Когда же они наконец отстанут! У меня уже колотун от усталости, в глазах резь, и лицо сводит от этих улыбок вокруг, потому что я представляю себе, каких мышечных усилий они стоят.
Устраиваюсь на ковре между Марианной и Витторио у низкого стола. Когда сидишь, поджав ноги, дырок на носках не видно. Есть совсем не хочется, да, честно говоря, еда на тарелке и не может вызвать аппетита: злаки, овощи и ничем не заправленные остывшие макароны. Поглядываю на своих соседей. Марианна слева от меня берет на вилку понемногу, кладет в рот и подолгу жует, отрывая время от времени взгляд от поющей полумонахини, чтобы улыбнуться членам своей семьи и мне. Витторио, склонившись над своей переполненной тарелкой, ест быстро и жадно. Он выделяется среди всех этих анемичных заторможенных людей: в нем чувствуется жизненная сила, привычка к другой еде, к другой манере выражаться, сразу видно, вся эта умиротворенная благожелательность не в его натуре. Но вот он поворачивается к жене, обнимает ее за плечи, улыбается, и я понимаю: он приложил много труда, чтобы себя обуздать, научиться контролировать свои действия. Похоже, он и сам это понимает и очень собой гордится: вот, мол, каких я добился успехов в самоусовершенствовании!
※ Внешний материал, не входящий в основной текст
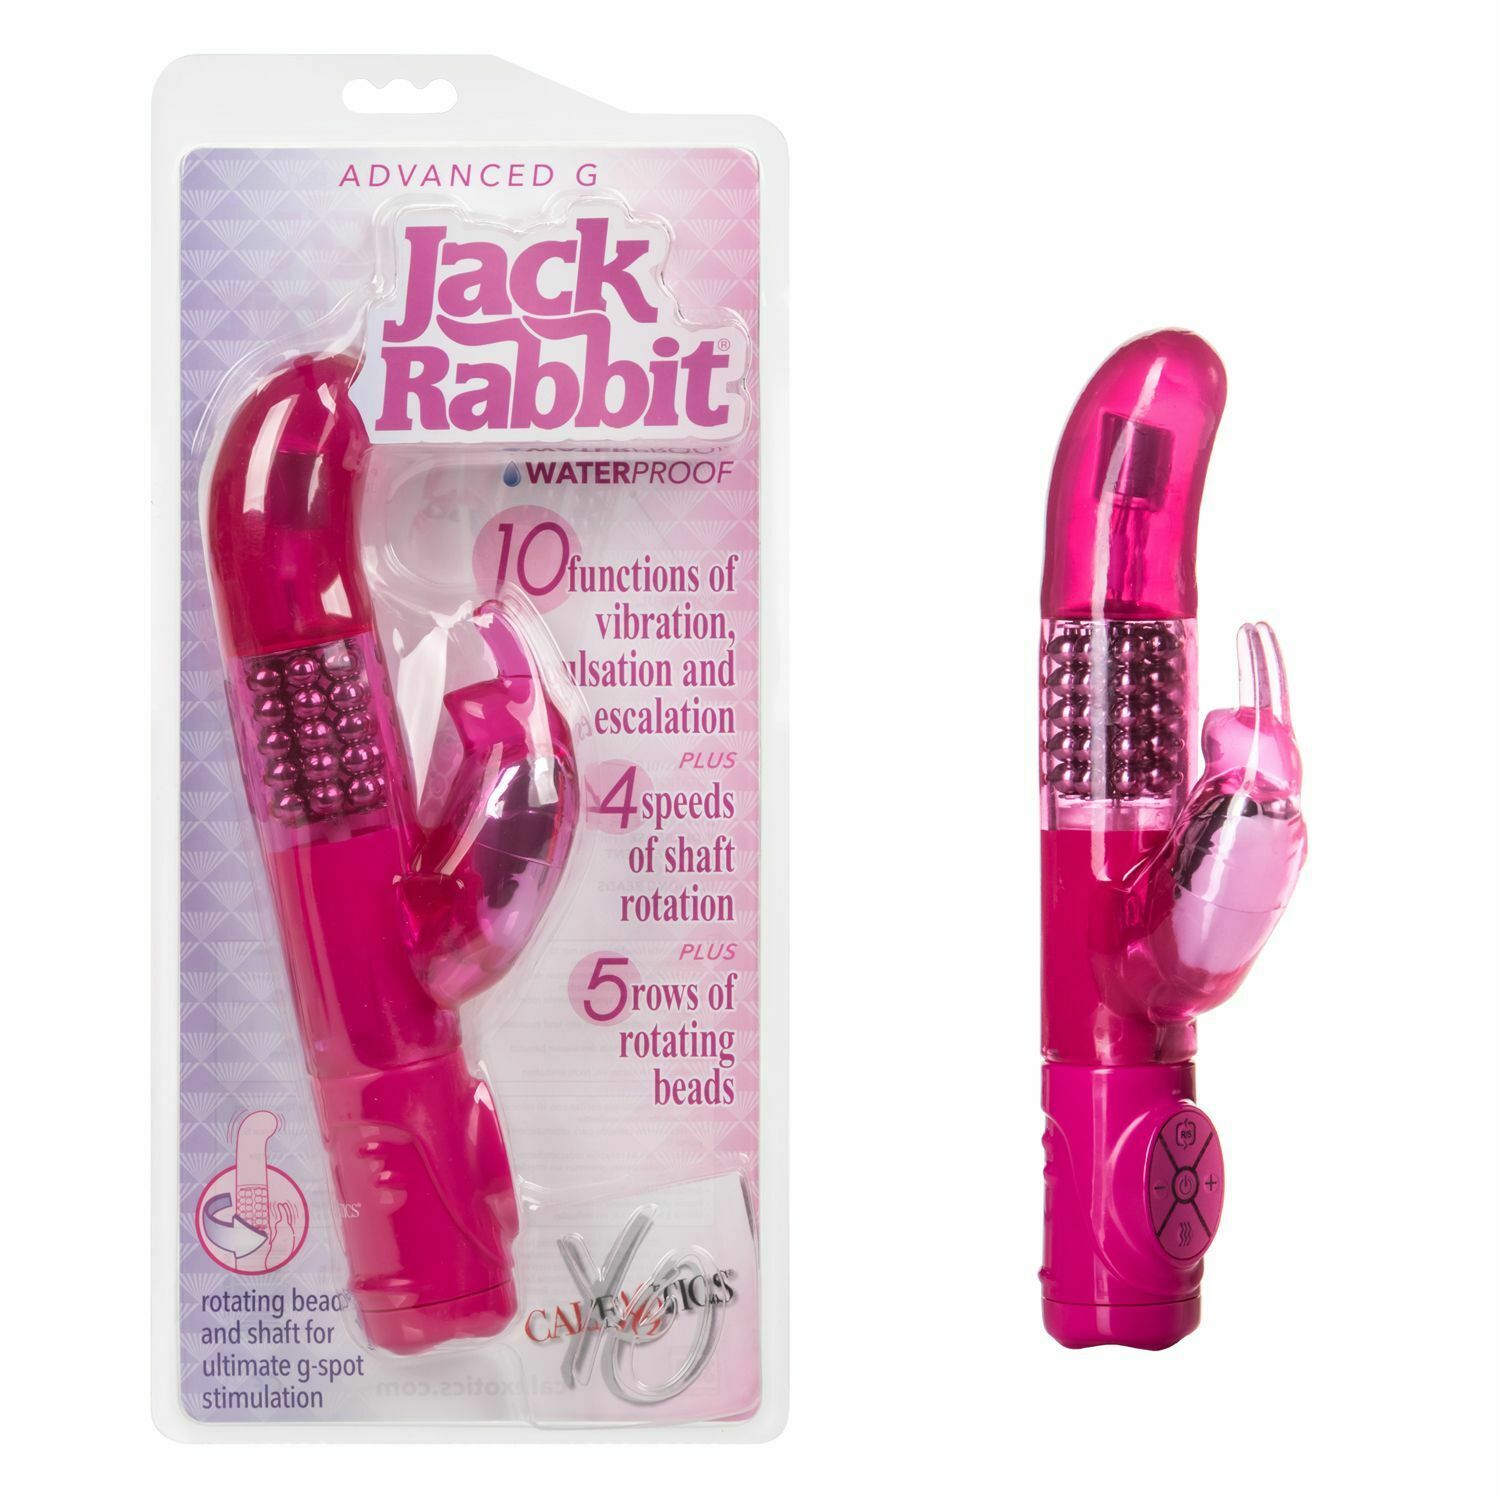 Vibrador Advanced G Jack Rabbit - Pink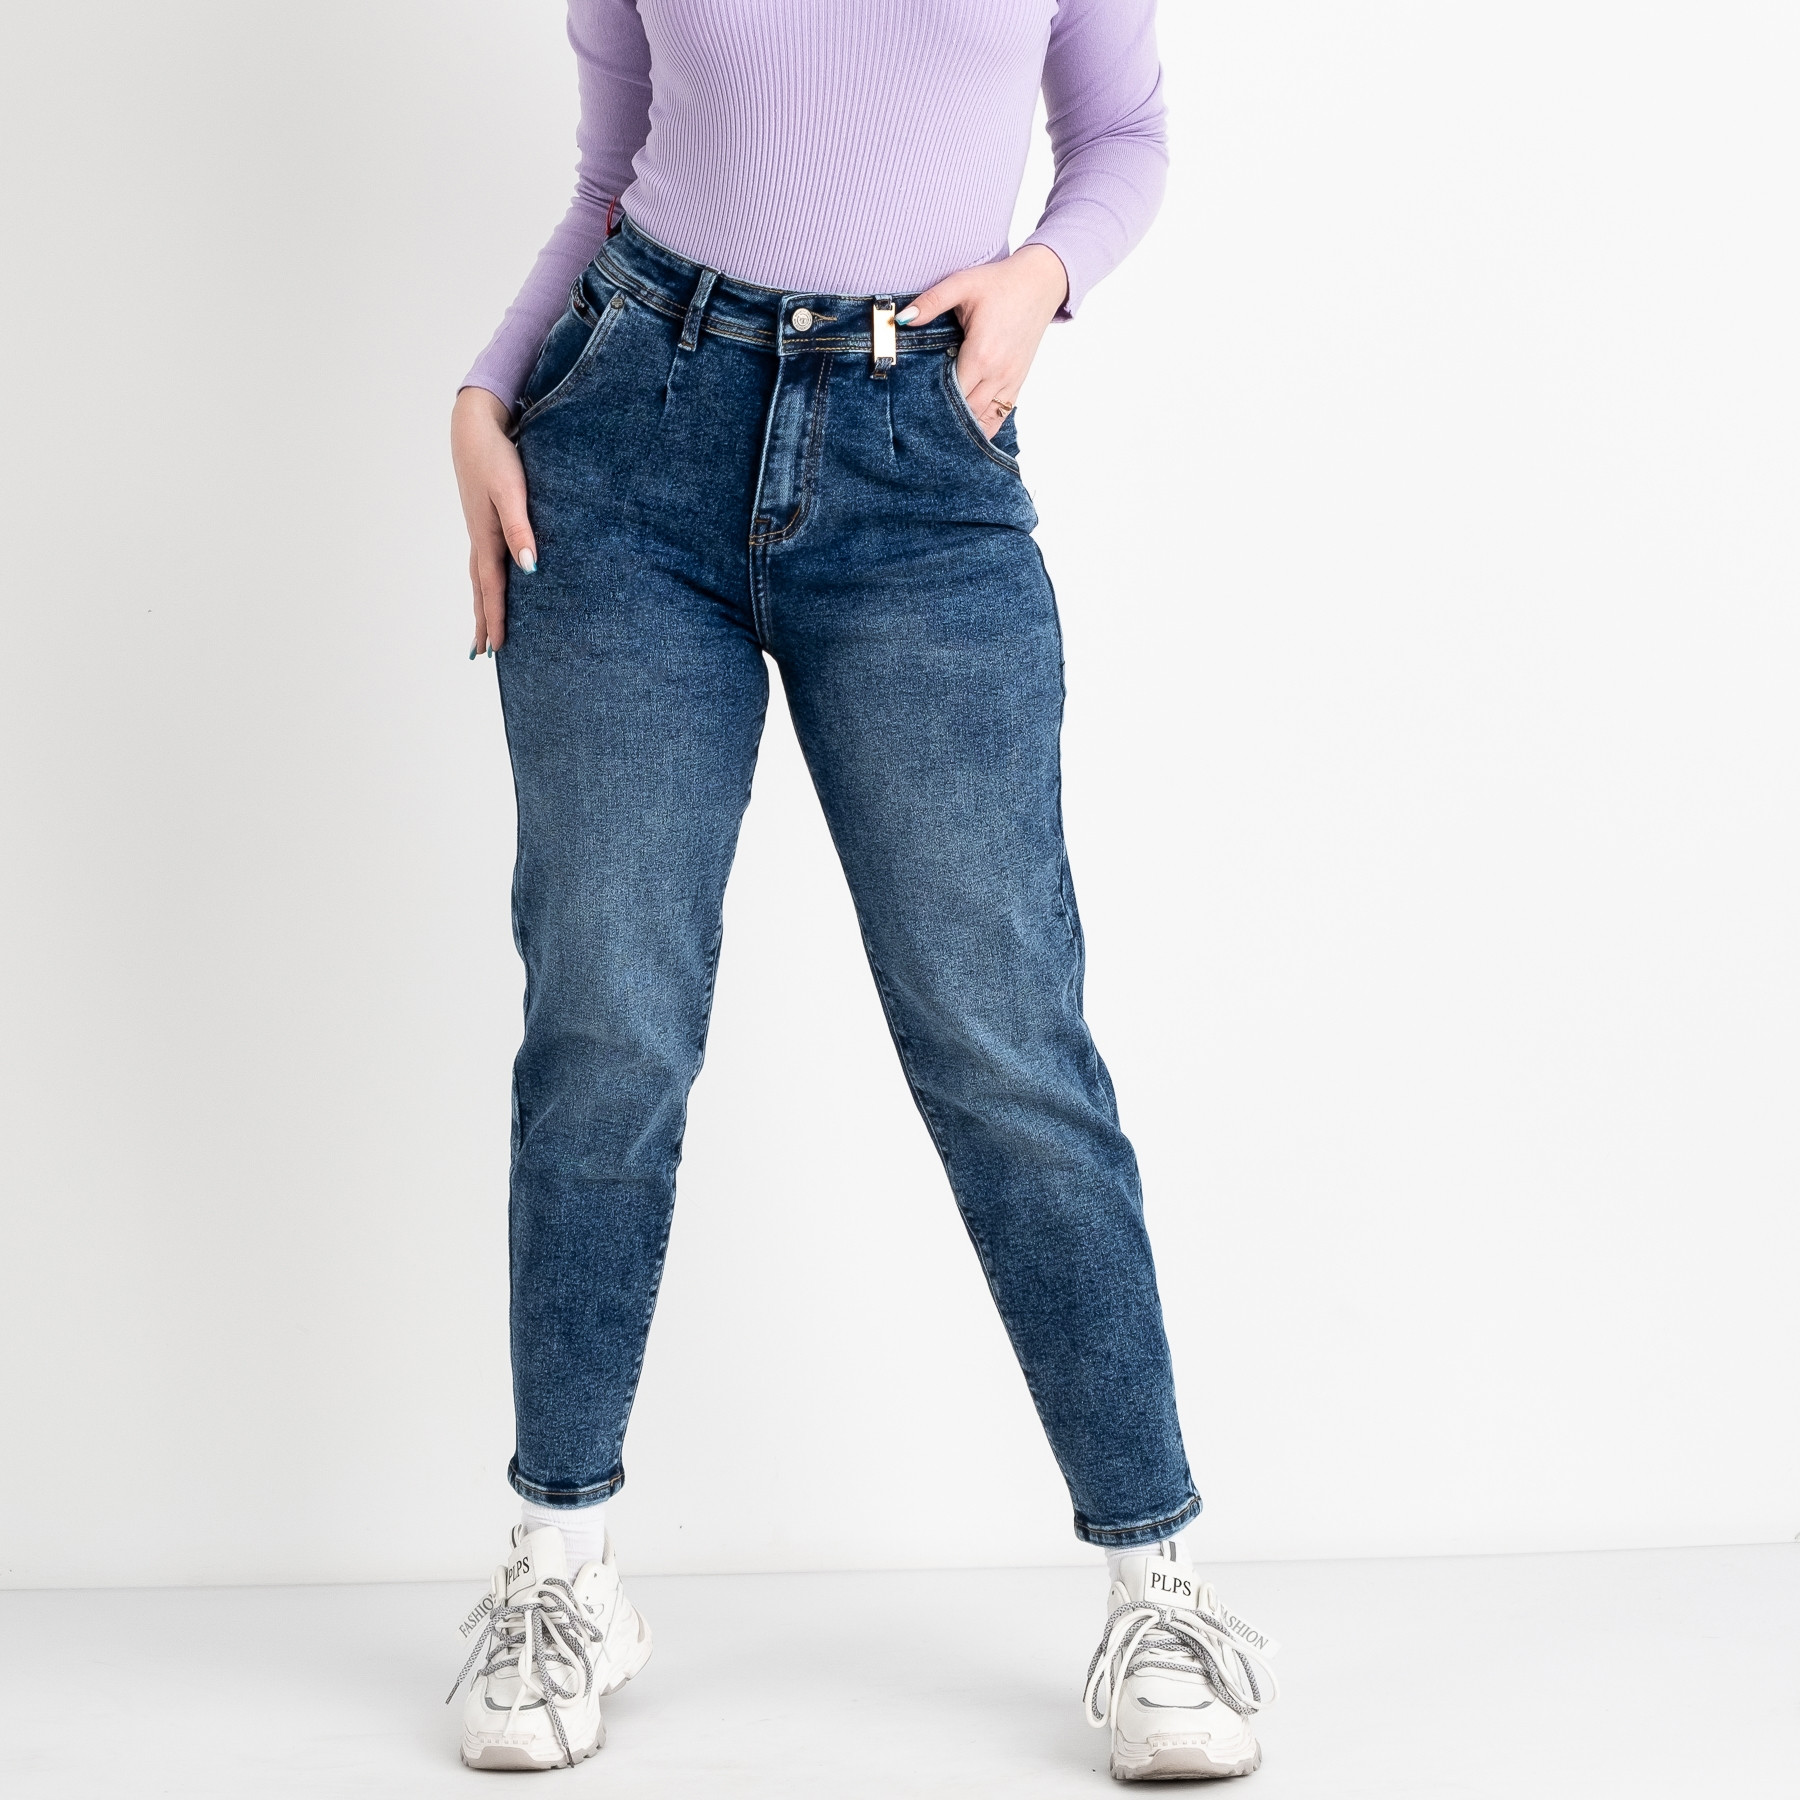 0657-8 MS Relucky  джинсы-слоучи женские полубатальные синие стрейчевые (6 ед. размеры:28.29.30.31.32.33)

Джеф-Джузеппе напряжен, сидит скованно. Уткнулся носом в тарелку, заглатывает еду не жуя. Когда мать бросает на него добродушно-зоркий взгляд, он замирает, но стоит ей отвернуться, снова принимается поглощать свои холодные макароны.
Нина, наоборот, вообще не ест. Загородившись салфеткой, она ковыряет вилкой, разделяет еду на отдельные кучки, потом сгребает все вместе, делает горку.
Марианна все это прекрасно видит, но не говорит ни слова, даже не смотрит в сторону падчерицы.
Разговоров за столами вообще мало. Все следуют установке: «Больше улыбок, меньше слов». Взгляды направлены на помост, где пожилая полумонахиня заканчивает свое пение и уступает площадку более молодой женщине, похожей на японку. Марианна наклоняется ко мне и шепчет в ухо:
– Это главная ассистентка Свами. (СВАМИ – прописными буквами, благоговение в голосе, жар от ее тела, запах миндального молока.)
Главная ассистентка начинает говорить о Свами, что ему гораздо лучше и что он, даст Бог, скоро опять будет вместе с ними, потом рассказывает о прошлых встречах Нового года, напоминает слова гуру о том, как этот праздник важен, поскольку дает возможность испытать чувство искренней радости и единения с остальными, собрать вместе молодежь. Я смотрю на нее, слушаю и жую холодную пресную еду. У меня кружится голова, звон в ушах становится просто нестерпимым.
– Тебе нехорошо? – с озабоченным видом наклоняется ко мне Марианна. – Ты побледнел.
– Мне очень хорошо, – отвечаю я, и озабоченность тут же исчезает с ее лица, она улыбается и отворачивается от меня, чтобы дальше слушать главную ассистентку, которая говорит и говорит, не закрывая рта.
Они все здесь такие предупредительные, такие внимательные, но если кто-нибудь упадет и будет корчиться на полу в предсмертных муках, ни один из них этого не заметит.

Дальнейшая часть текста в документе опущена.